TASK INPUT >>
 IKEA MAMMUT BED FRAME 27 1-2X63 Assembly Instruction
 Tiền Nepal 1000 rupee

...

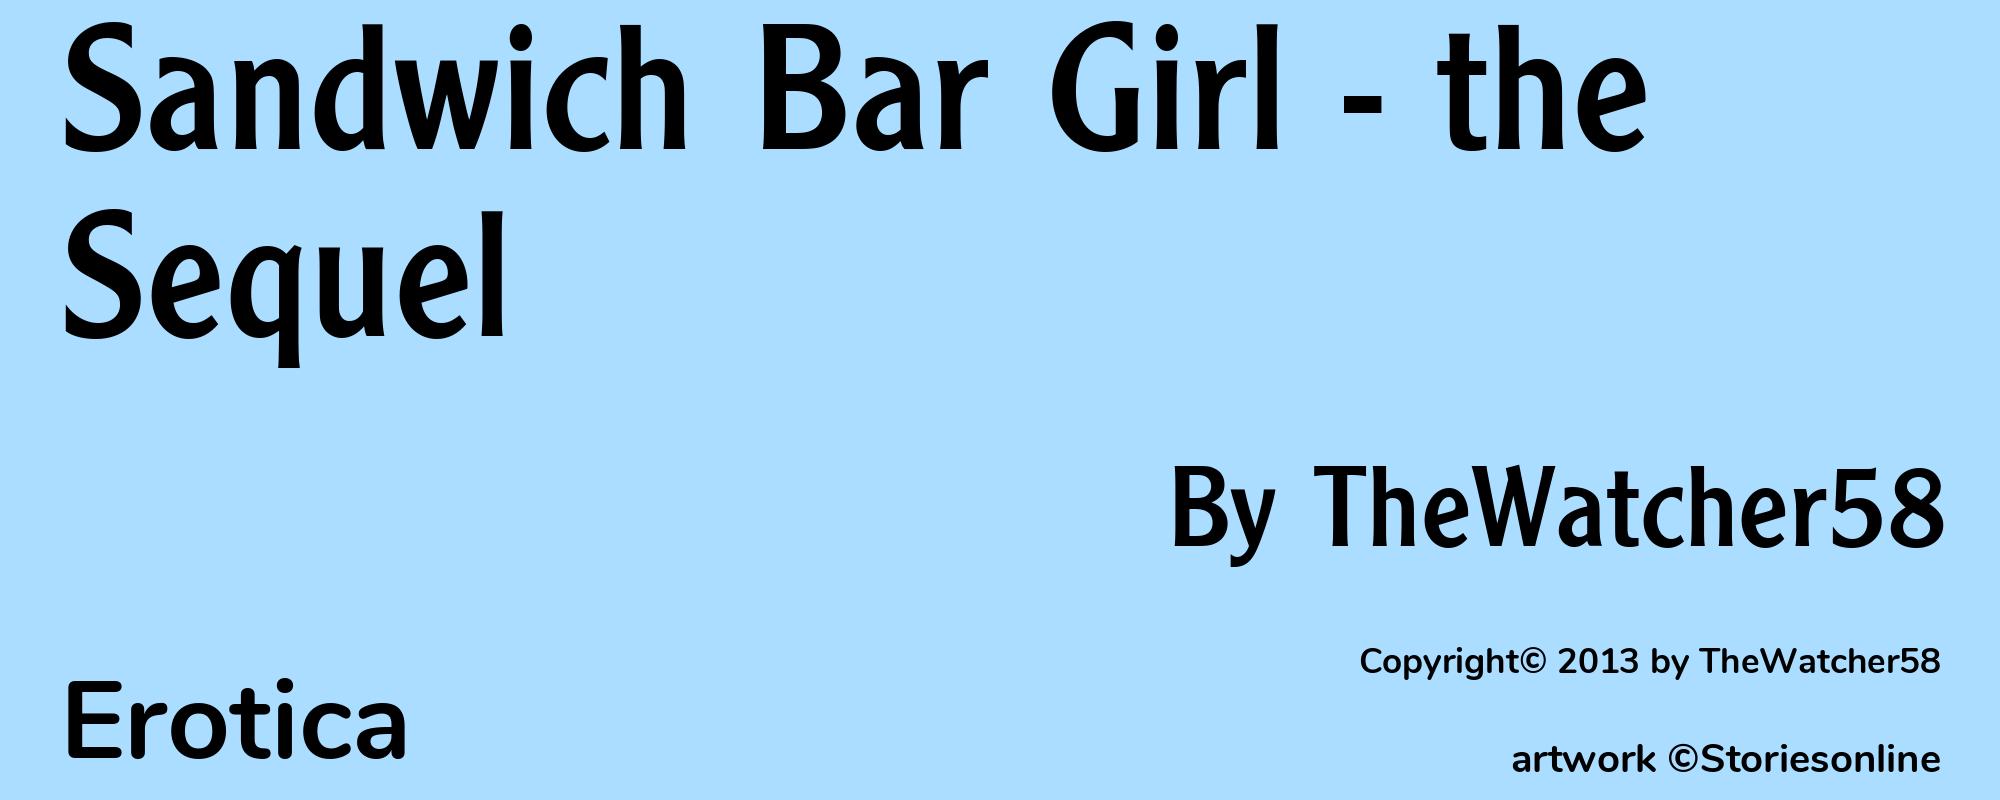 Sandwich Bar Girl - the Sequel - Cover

---

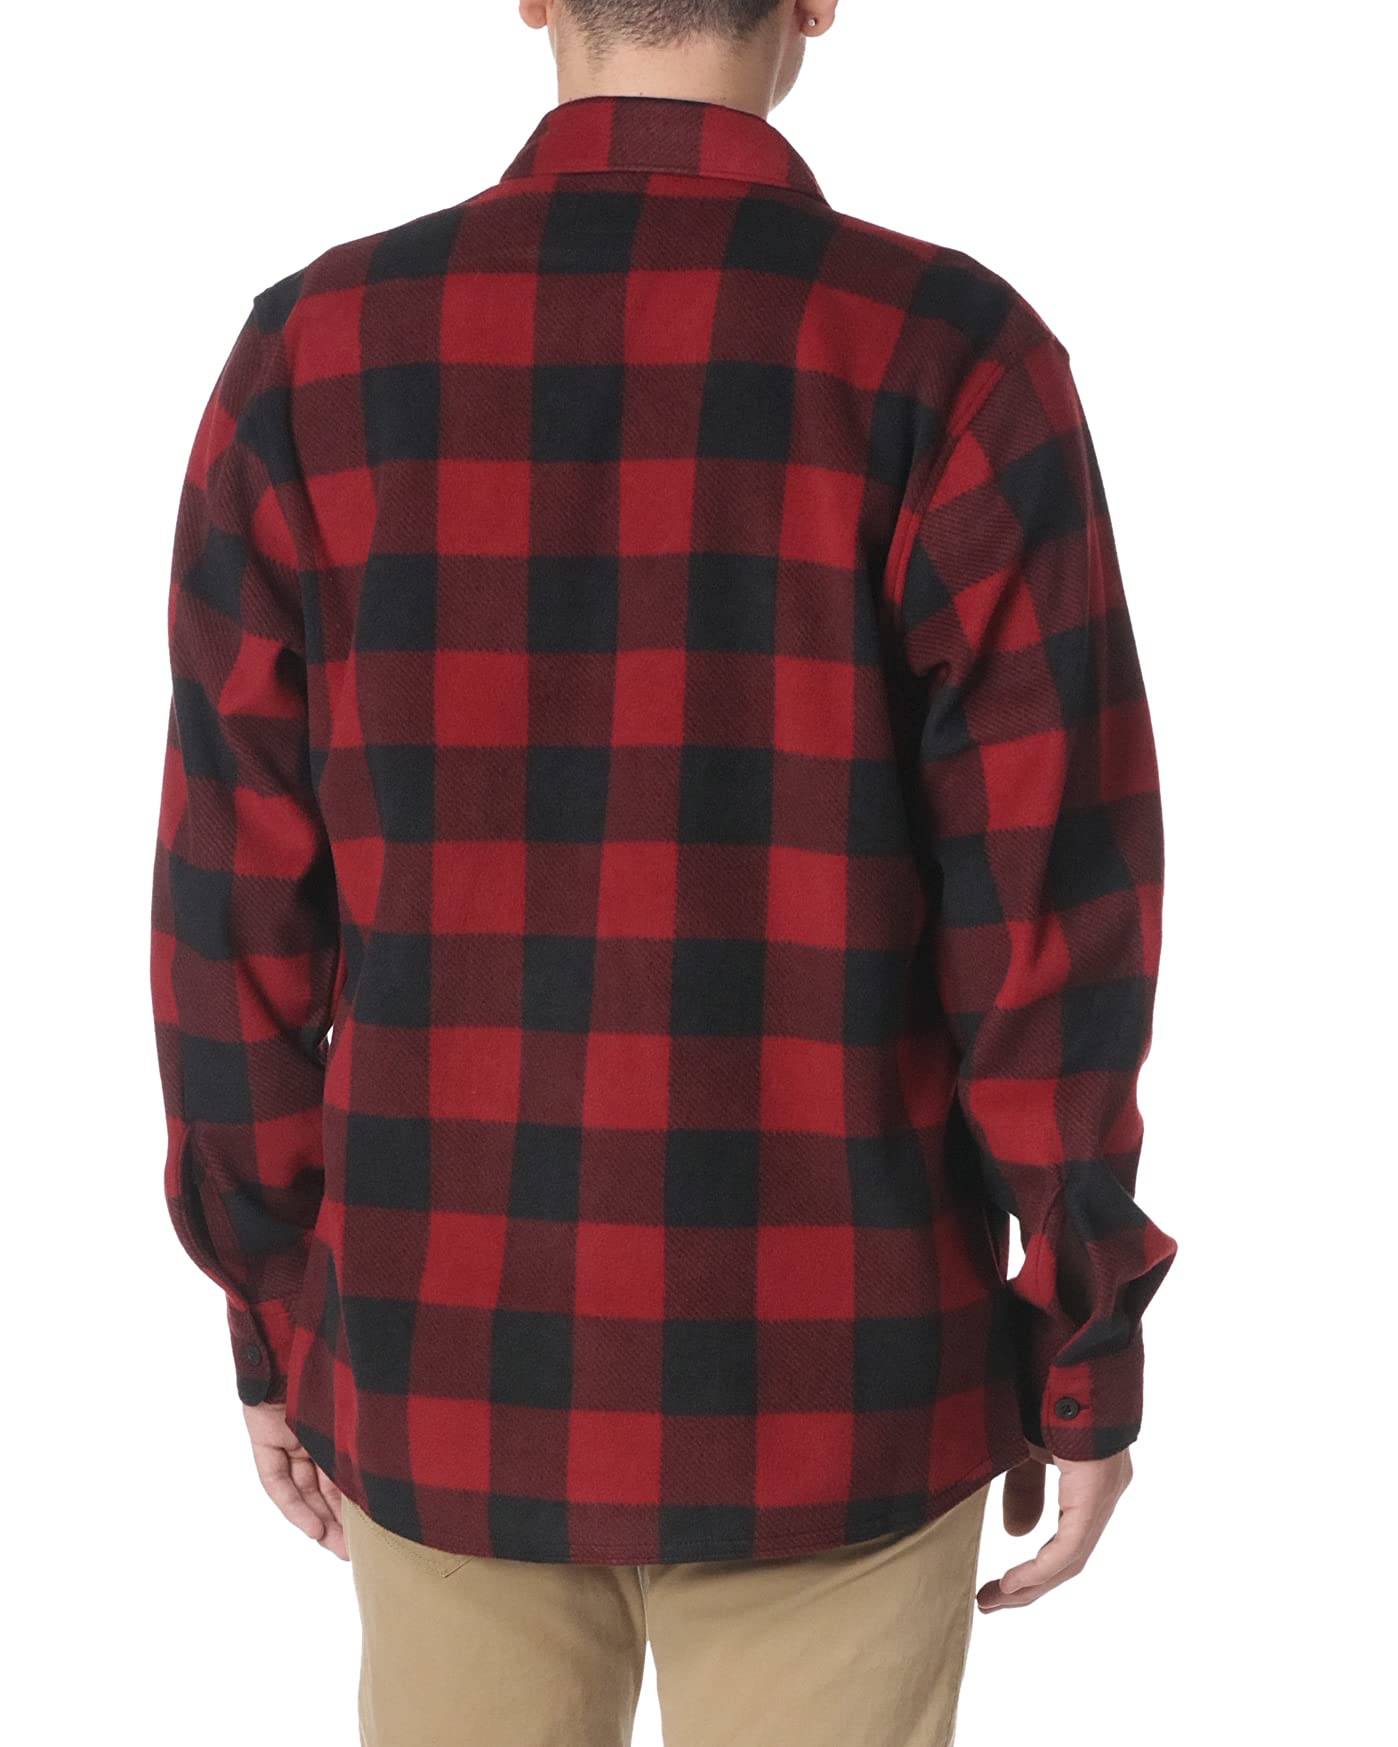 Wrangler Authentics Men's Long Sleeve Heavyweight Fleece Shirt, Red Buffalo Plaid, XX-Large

TASK DETAILS >>
Reproduce word for word the material above, starting with the line that has "IKEA MAMMUT BED" and stopping after the line that has "Tiền Nepal 1000 rupee".

EXERCISE ANSWER >>
 IKEA MAMMUT BED FRAME 27 1-2X63 Assembly Instruction
 Tiền Nepal 1000 rupee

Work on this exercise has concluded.